Who Gives a Toast at the Rehearsal Dinner?

by Stephanie Hallett

It’s the night before your wedding and you’re sitting down for one last meal with your nearest and dearest before the big day. You already know that a rehearsal dinner can be casual or formal, a dinner, lunch, or even breakfast, and that it’s a chance for you to give thank-you gifts to the members of your wedding party and spend more intimate time with your loved ones. But do you know who’s allowed to give a toast? The short answer is, basically everyone.

The list of toasts to be given at your wedding should be short—you don’t want to cut into that dance floor time! — not to mention the toasts themselves should be kept to a maximum time of three minutes. But the rehearsal dinner offers a chance for anyone to speak and share a story, since the setting is more relaxed.

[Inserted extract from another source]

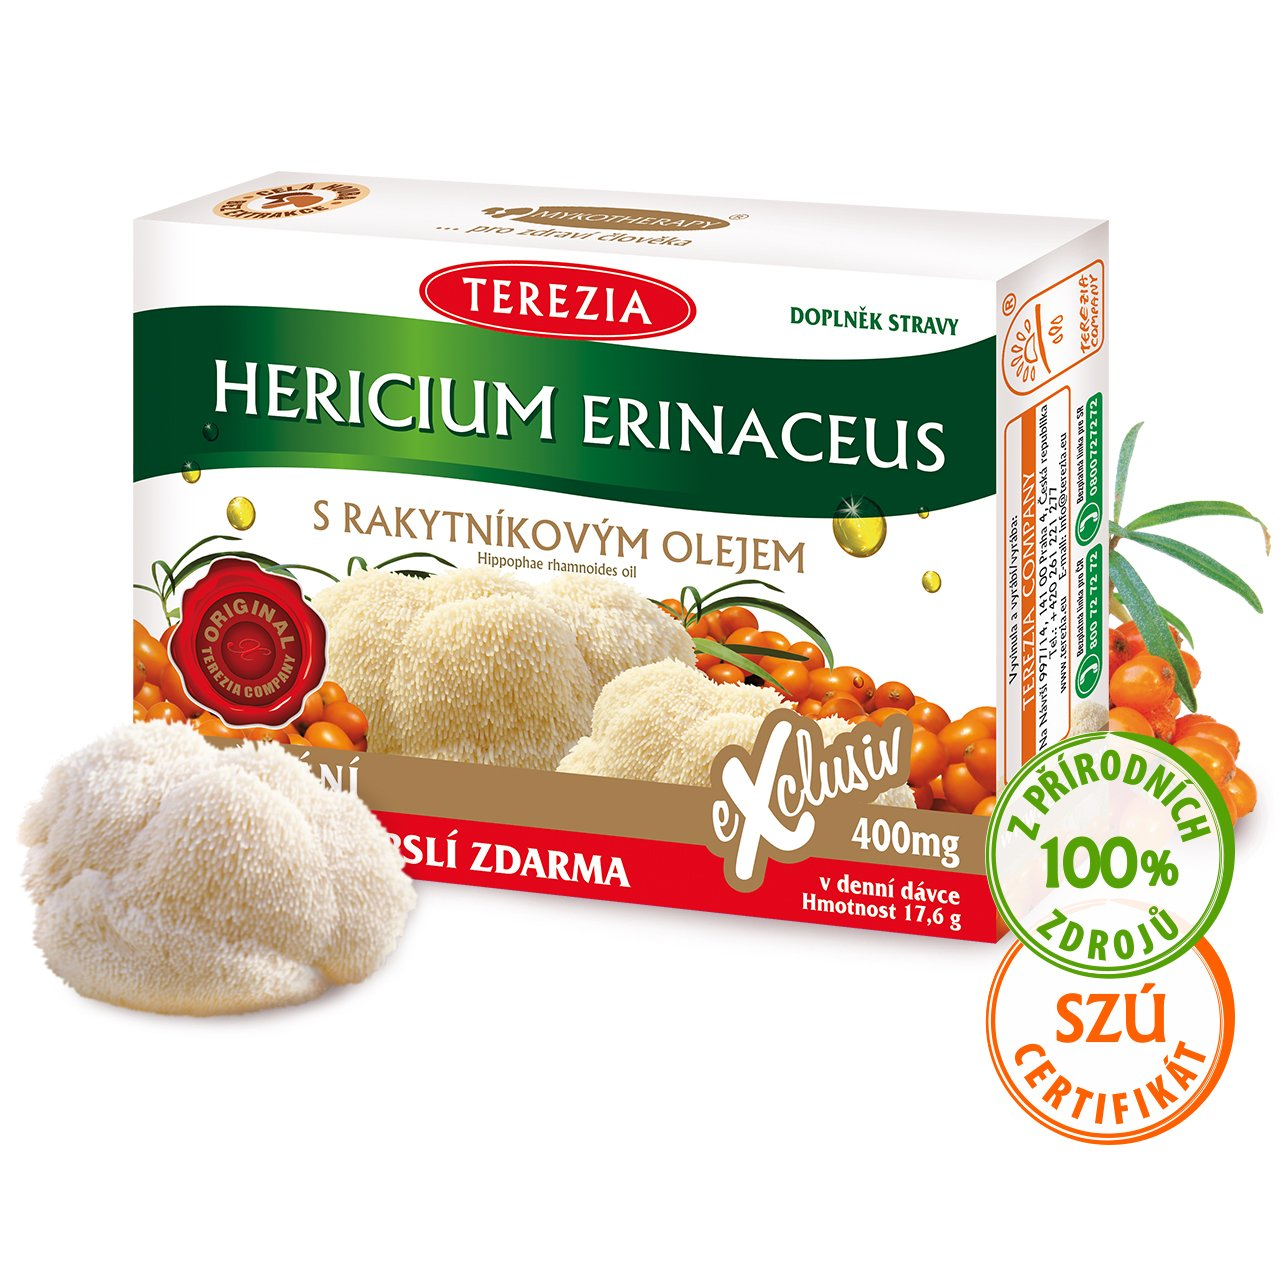 Levně Hericium erinaceus s rakytníkovým olejem

Here’s a list of possible rehearsal dinner speakers — consider it, and revise according to your own needs and desires.

Fathers of the bride and groom

Traditionally, the groom’s family pays for the rehearsal dinner—though this is becoming less and less common—so the groom’s father would be first to speak, followed by the bride’s father. These days, though, nearly half of couples are paying for their own wedding events so none of these rules may apply. If you want to follow tradition, you can ask the groom’s father (if there is a groom!) to kick off the toasts, then open the floor to others.

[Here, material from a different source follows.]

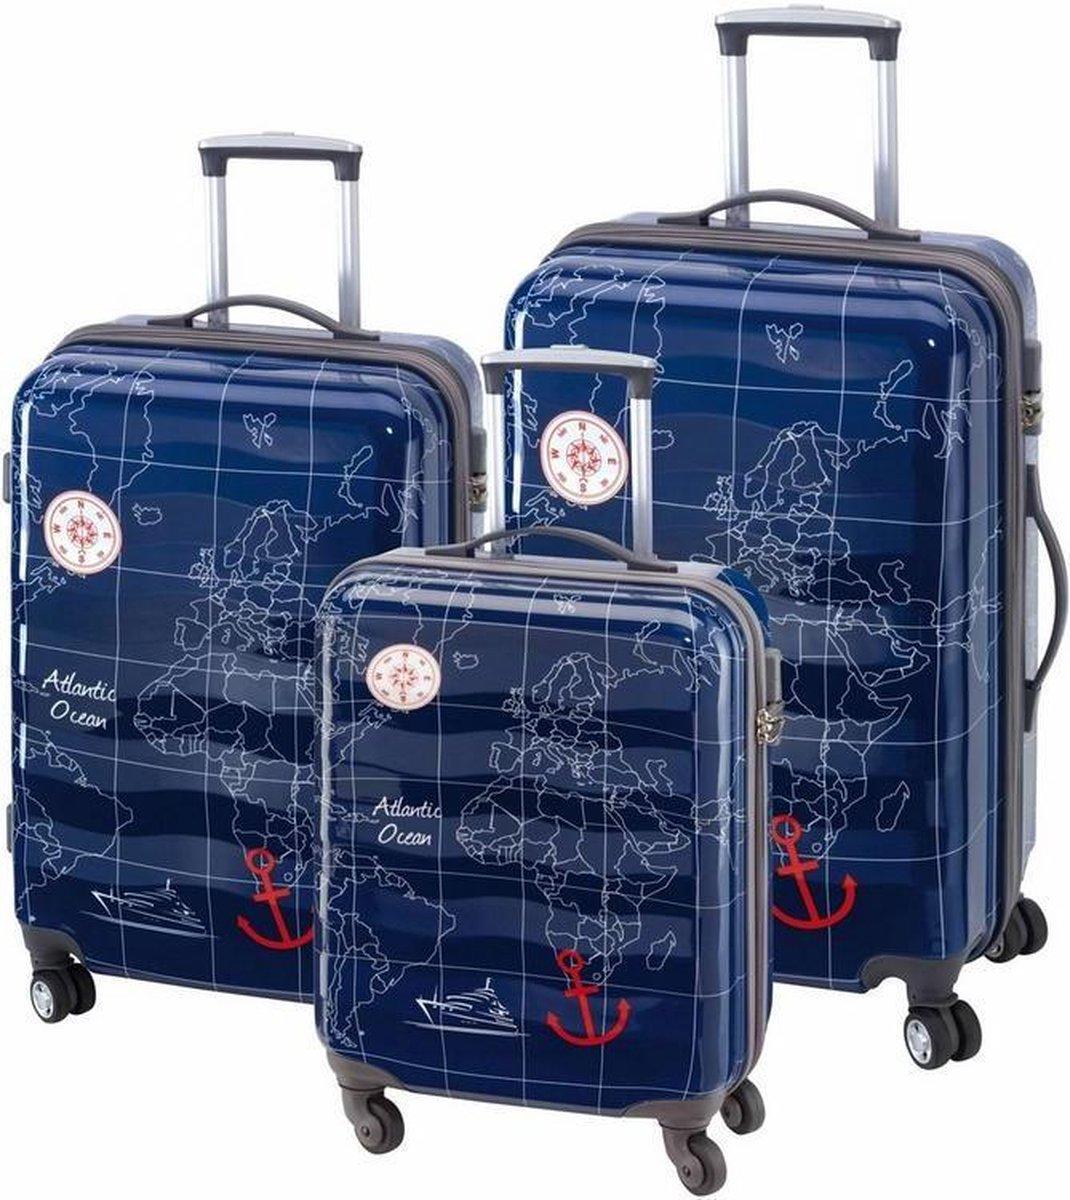 3-delige ABS/Polycarbonaat reiskoffer set-Madeira Check.In kopen

Mothers of the bride and groom

Again, according to tradition, once the fathers have spoken, the floor is opened up to the mothers of the marrying couple. However, this tradition is easily read as sexist, so feel free to ask your parents to speak in any order that pleases you. Moms should certainly be given the opportunity to toast you at some point, though.

Aunts, uncles, and other family members

The typical rehearsal dinner guest list includes immediate family members, the wedding party, and sometimes, the officiant is also in attendance. At modern parties, though, other close friends and family members are often invited, including aunts, uncles, and cousins. Since these loved ones might not be on your list of wedding-day speech-givers, the rehearsal dinner is the perfect time to have them speak about you and your relationship.


It’s fine to keep your rehearsal dinner guest list small. But many couples choose to invite their friends, too—or even open it up to all their guests. If that’s the case for you, you may want to open up the floor to your pals for funny toasts—and roasts!

Out-of-town guests

Since the actual day of your wedding is sure to be busy, many couples choose to invite their out-of-town guests to the rehearsal dinner. These are probably people you don’t get to see very often, so spending quality time with them before the wedding is very special. Asking these guests to give a toast at the rehearsal dinner can be especially sweet, since these may be people who have known you for a long time.

Wedding officiant

If your officiant has been a part of your life for many years, it can be nice to have the person who will legally bind you in marriage speak at your rehearsal dinner about the importance and meaning of commitment.

Open mic

You may be fortunate enough to have many family members and friends who want to speak on your behalf. If that’s the case, and you have the time, you may want to open the floor to anyone who wants to say a few words. Ask that they keep things brief (tell a short anecdote, etc.)—you may be surprised (and delighted) by what you hear!